Отчаяние
Шрифт:
Превозмогая себя, потухшим голосом Абакумов ответил:
– Я понял, товарищ Сталин...
Сталин устало отвалился на спинку кресла, потом, испугавшись, что этот красавец, косая сажень в плечах, увидит его старческую немощь, резко придвинулся к столу:
– Ну и что же вы поняли?
– Материалов достаточно на обоих: были знакомы с Бухариным, Зиновьевым, Рыковым, Радеком, дружили с Мейерхольдом, Мандельштамом, Тухачевским...
Сталин собрал тело, заставил себя легко подняться из-за стола, походил по кабинету, не вынимая трубки изо рта, но не куря ее, а лишь посасывая; расхаживал бодро, хотя мучительно болела вся правая часть тела и пальцы леденели. Потом наконец остановился перед Абакумовым и, не отводя рысьих глаз с постоянно менявшимися зрачками от его лица, спросил:
– Кандалы у вас
– Только наручники, товарищ Сталин. У нас в тюрьмах нет кузниц: Дзержинский приказал уничтожить...

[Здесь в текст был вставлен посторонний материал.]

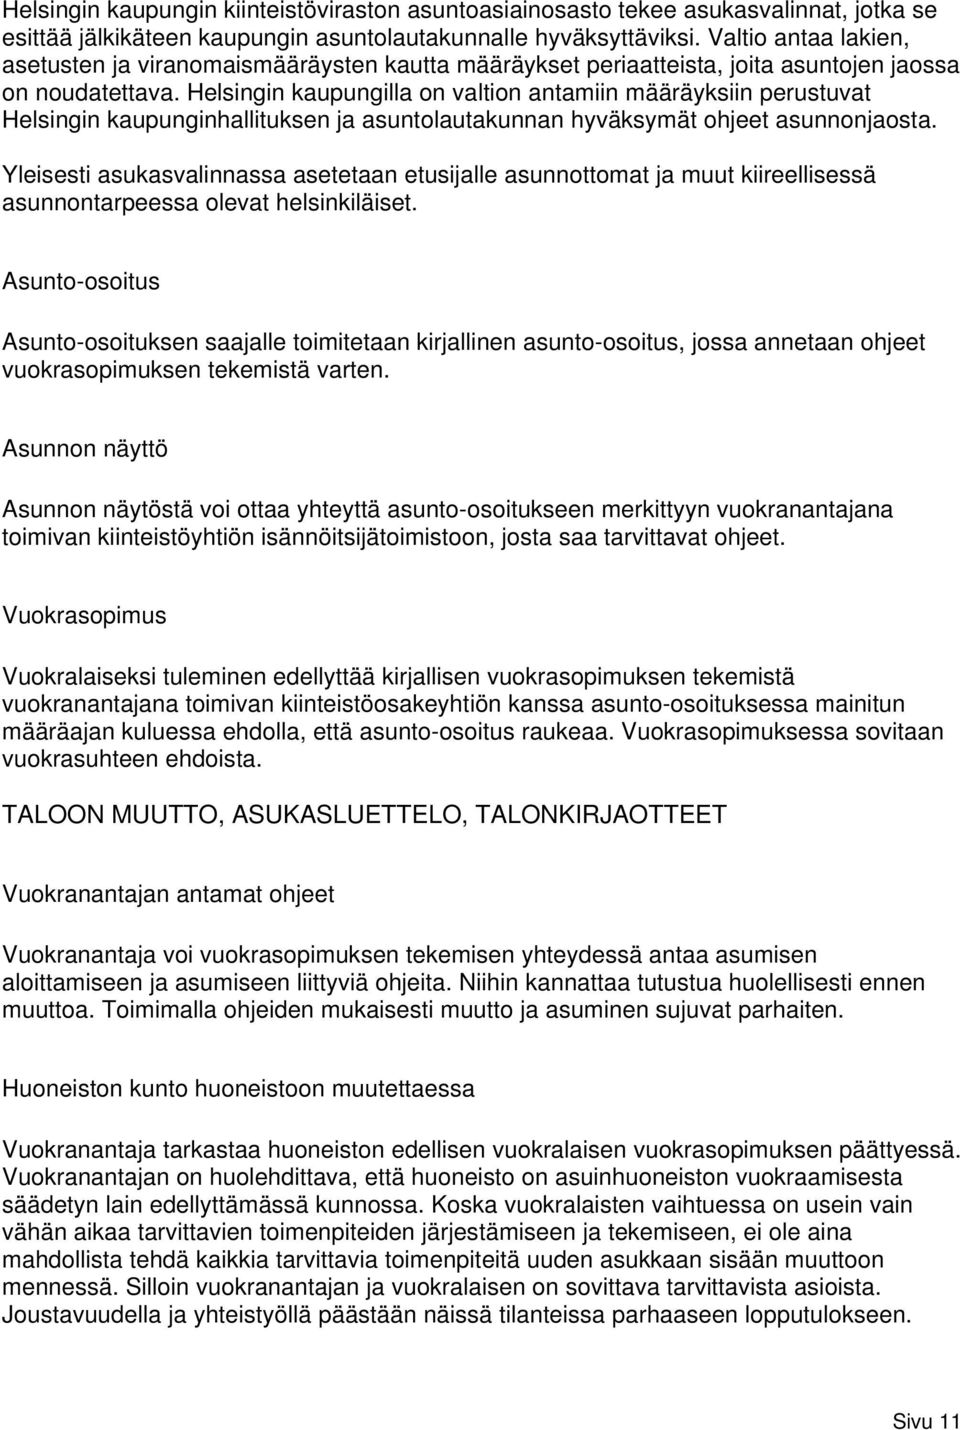 Helsingin kaupungilla on valtion antamiin määräyksiin perustuvat Helsingin kaupunginhallituksen ja asuntolautakunnan hyväksymät ohjeet asunnonjaosta.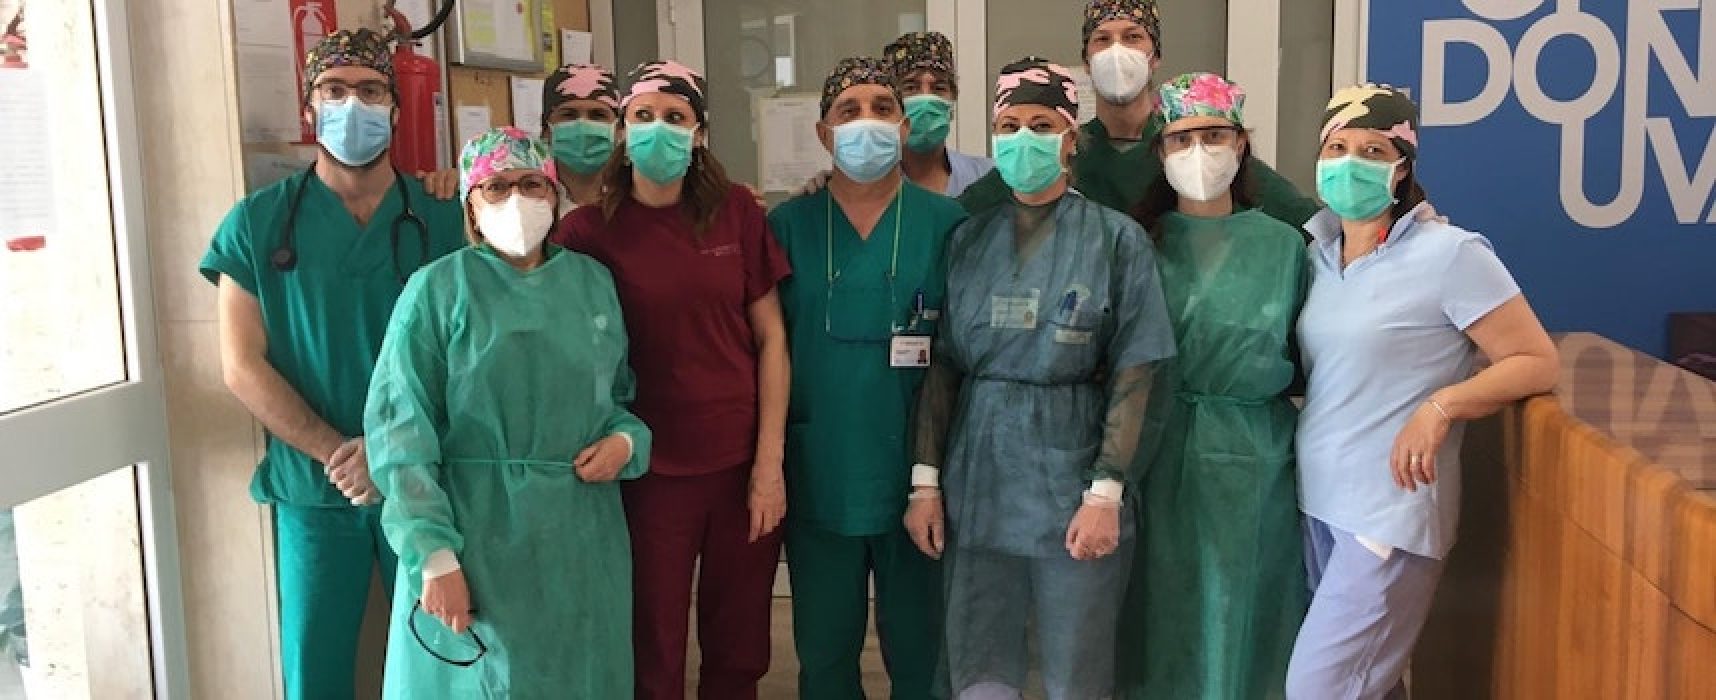 Universo Salute, coordinatrice Area Ospedaliera realizza cappellini per operatori

– Меня интересует: у вас с собою есть эти самые наручники?
– Товарищ Сталин, никто из входящих к вам не имеет права носить с собой не только оружие, но и любой металлический предмет... Я подтвердил это указание тридцать четвертого года новым приказом...
– Что, боитесь, Ворошилов меня саблей зарубит? – хмуро усмехнулся Сталин. – Или Молотов маузер вытащит? Он слепой, стрелять не умеет, да и от страха помрет... Зря, что не принесли с собою наручники. – Сталин по-арестантски протянул ему руки. – Вам бы меня надо первым сажать в острог... Я ведь ближе, чем Майский и Эренбург, сотрудничал и с Бухарчиком, и с Каменевым... Он меня Коба звал, я его Левушка... Да и председатель Реввоенсовета для меня был не Иудушкой, а товарищем Троцким...
Зрачки его глаз расширились, словно после кокаина, в них была тоска и ненависть, говорил, однако, с усмешкой, лицо жило своей жизнью, только глаза ужасали, особенно бегающие зрачки.
– Ну, что ж не сажаете? Я ведь для вас сладок... Какой процесс можно поставить?! Жаль, хороших режиссеров не осталось...
Сталин вернулся к себе за стол, Абакумову кивнул на стул, снова пыхнул пустой трубкой (профессора Виноградов и Вовси советовали не отказываться от привычки сосать трубку, запах табака постоянен. «А если уж невтерпеж, пару раз пополощите рот дымком, стараясь не затягиваться. Хотя здоровье у вас богатырское, но и богатырям надо уметь себя щадить»).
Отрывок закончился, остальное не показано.